Load the datafile into the filesytem cache followed by checking the “Page cache” with the following two commands.

# dd if=datafile of=/dev/null bs=512k
# echo "::memstat"|mdb -k

Note that the sum “Page cache” and "Free (cachelist)" values have increased the full 4GB compared to the prior iteration with the default values for freebehind and segmap.

Note that although not in the Solaris documentation, the segmap and freebehind options have been in Solaris since version 72.

Avoid Diluting The Filesystem Cache
The filesystem cache is a general purpose facility intended to improve general performance by minimizing frequent disk storage read operations. The bad part of it being general purpose is that any file can get loaded into the filesystem cache. Once the cache reaches capacity, as new data is read in old data is pushed out. This process can dilute the cache with data that you don't want in the cache. One common example that can dilute the filesystem is when an administrator runs the find command looking for setuid programs. Another example copying or backing up large files from one filesystem to another. Any of these examples can push a significant amount of data out of the filesystem cache.

The best strategy to avoid filesystem cache dilution is to ensure that only the application data can be loaded into the filesystem cache. There are two parts to this strategy. First, make sure that the application data is in a filesystem by itself. Second, make sure that all other filesystems do not use the filesystem cache. This latter part is managed through the following methods.

UFS caching is disabled by adding the forcedirectio option in the /etc/vfstab to filesystems that you don't want cached. Here is a sample filesystem entry.
/dev/dsk/c0t0d0s1  /dev/rdsk/c0t0d0s1 /var  ufs   1    no   logging,forcedirectio
Note that there is a known deadlock condition9 that should be avoided by not using the UFS "logging" option.

As for ZFS, there aren't any per filesystem cache controls prior to Solaris 10 update 6. However, a future update will introduce the ability to disable primary and secondary caches by filesystem. Both options are configured through the “zfs set command”. The following two sections taken from the OpenSolaris 2008.11 zfs man page describe the primary and secondary caches, their possible values and the default values.
primarycache=all | none | metadata

Controls what is cached in the primary cache (ARC). If this property is set to "all", then both user data and metadata is cached. If this property is set to "none", then neither user data nor metadata is cached. If this property is set to "metadata", then only metadata is
cached. The default value is "all".

secondarycache=all | none | metadata

Controls what is cached in the secondary cache (L2ARC). If this property is set to "all", then both user data and metadata is cached. If this property is set to "none", then neither user data nor metadata is cached. If this property is set to "metadata", then only metadata is cached. The default value is "all".
Note again that these two options don't yet exist in Solaris 10 (as of Solaris 10 update 6).
Here are OpenSolaris 2008.11 commands for disabling both the primary and secondary caches of the dump zfs filesystem.

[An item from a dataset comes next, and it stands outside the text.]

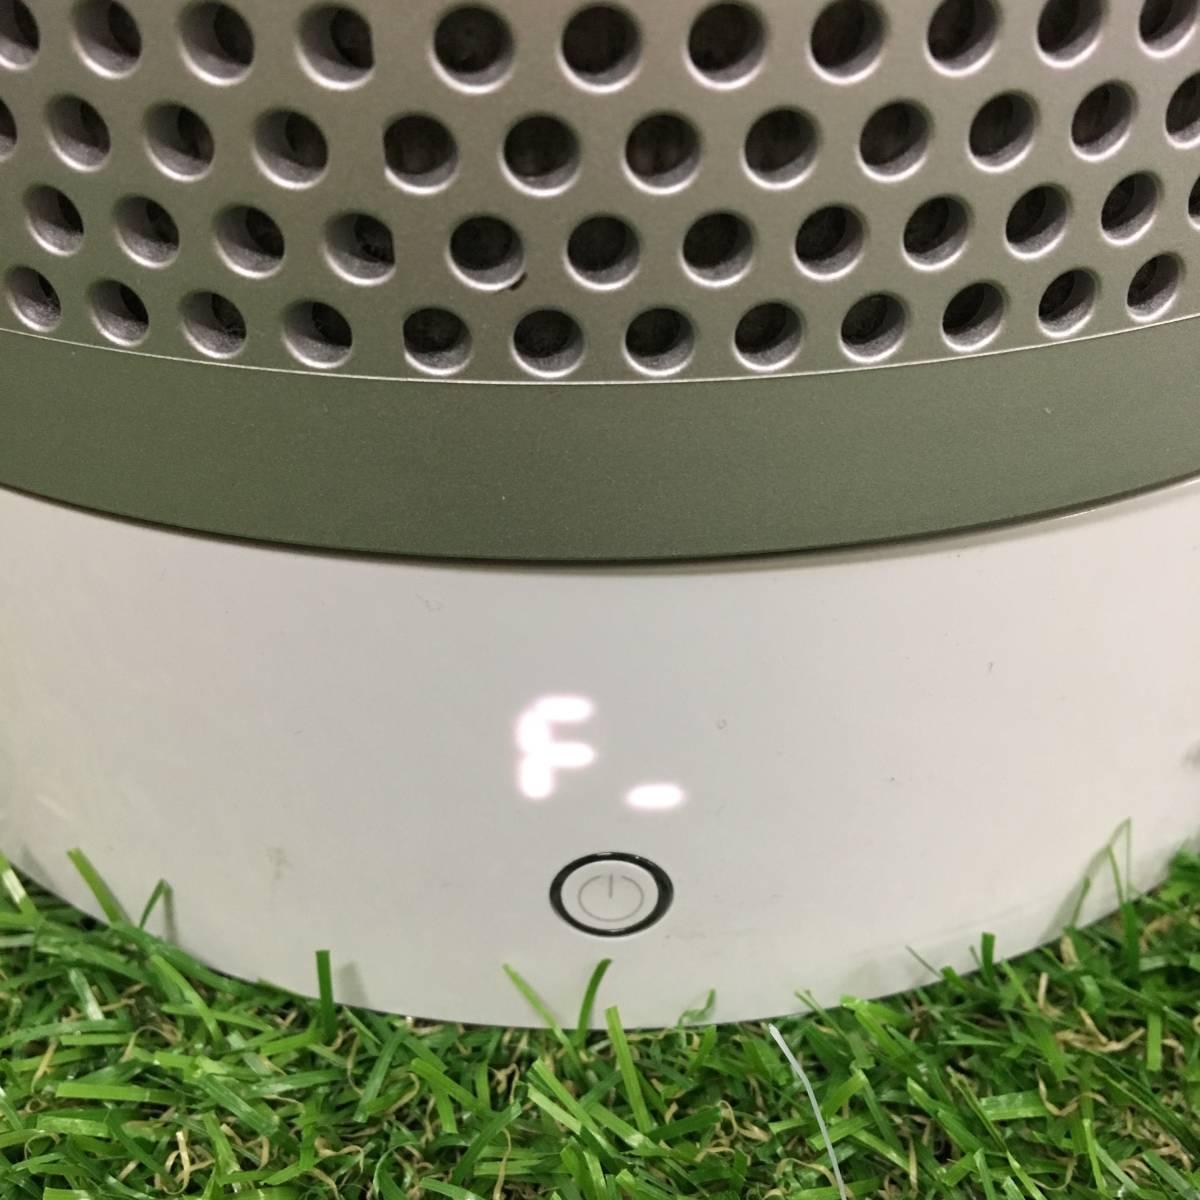 dyson ダイソン タワーファン ピュアクール 空気清浄機 扇風機 AM11 リモコンなし ホワイト _画像6

# zfs set primarycache=none rpool/dump
# zfs set secondarycache=none rpool/dump

Match Data Access Patterns
Data access patterns typically fall into one of the following three categories.
  • Sequential Access – This access pattern reads data blocks one after another in sequence from the disk.
  • Random Access – This access pattern reads data blocks randomly throughout the disk.
  • Hybrid Access – This access pattern is some mixture of Sequential and Random access patterns.
Aligning the filesystem tuning according to the anticipated data access patterns can significantly improve performance of the filesystem and application interacting with the filesystem. For example, the changelog of just about any database has a sequential access pattern. However, the data access pattern of the database data may be random. Thus, tuning the filesystem containing the changelog for sequential access would improve its performance.
For ZFS, the main configuration option that improves sequential access patterns is pre-fetching. File level and block level pre-fetching is on by default. For random access patterns, you may want to consider disabling pre-fetching. To disable ZFS pre-fetching, add the following lines to /etc/system.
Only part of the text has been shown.